6. The preparation method according to claim 4, characterized in that, In step S1, the processing method includes either the physical solid-state method or the electric arc method; The specific steps of the physical solid-state method include: mixing metal Me hydride and carbon powder in a molar ratio of 1:1-3 and pressing them into tablets for shaping; calcining them at 600-1000℃ for 12-48 hours under an inert gas to obtain metal carbide powder MeC2. The specific steps of the electric arc method include: electric arc fusing metal Me and carbon blocks at a molar ratio of 1:1-3, followed by grinding to obtain metal carbide powder MeC2.

7. The preparation method according to claim 4, characterized in that, In step S2, the metal Tm salt includes any one of nonacarbonyl diferric, octacarbonyl dicobalt, nickel dicerocene, ruthenium acetylacetonate (III), triruthenium dodecylcarbonyl, rhodium acetylacetonate (III), palladium diacetylacetonate, and platinum acetylacetonate.

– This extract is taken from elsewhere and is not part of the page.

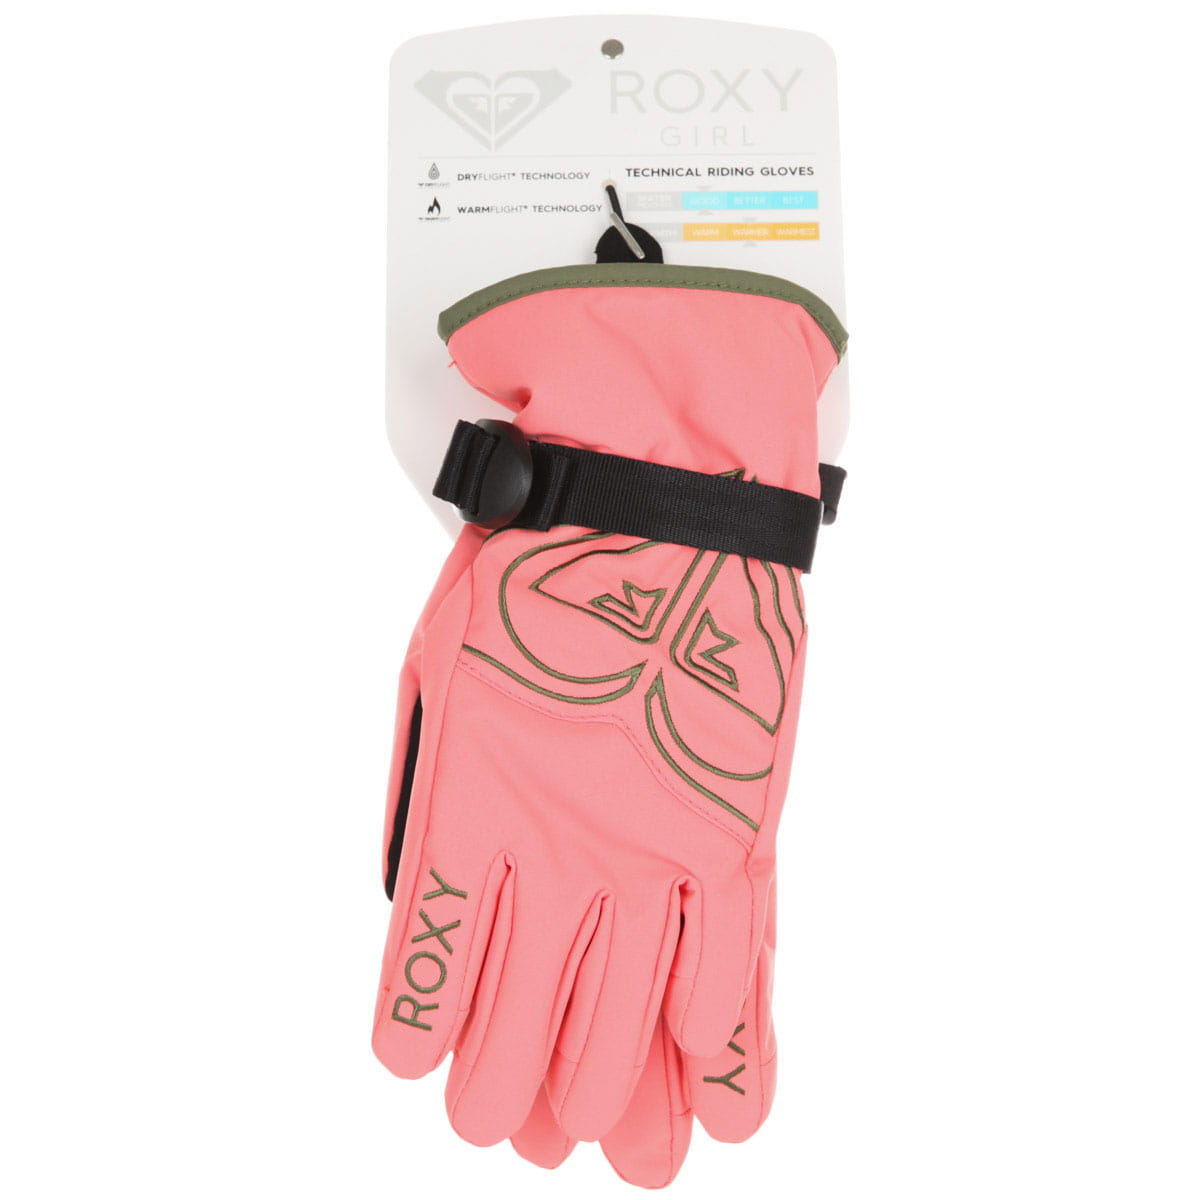 Сноубордические перчатки Roxy Cynthia Rowley. Сноубордические перчатки женские Roxy салатовые. Рокси перчатки женские 2022. DG сноубордические перчатки.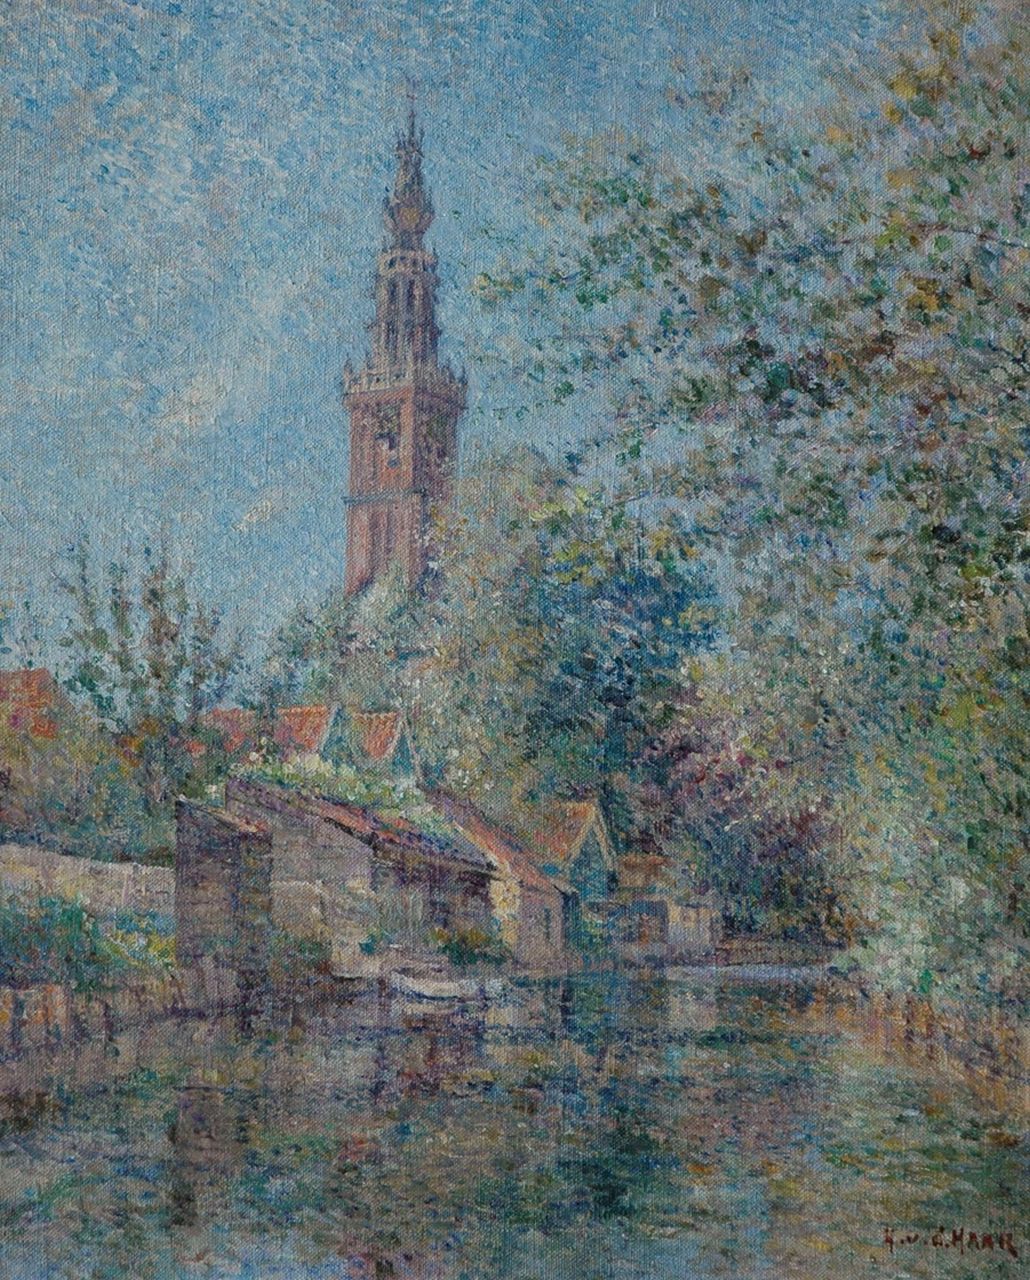 Herman ter Haar | A view in Edam with the Speeltoren, Öl auf Leinwand, 50,3 x 40,3 cm, signed l.r.

8. The preparation method according to claim 4, characterized in that, In step S2, the heating reaction is carried out at a temperature of 100–600°C for 1–12 hours.

9. The preparation method according to claim 4, characterized in that, In step S3, the heating reaction is carried out at a temperature of 200–600°C for 1–2 hours.

10. The application of a supported defective metal carbide as described in any one of claims 1-3, or a supported defective metal carbide obtained by the preparation method as described in any one of claims 4-9, in chemical looping synthesis of ammonia.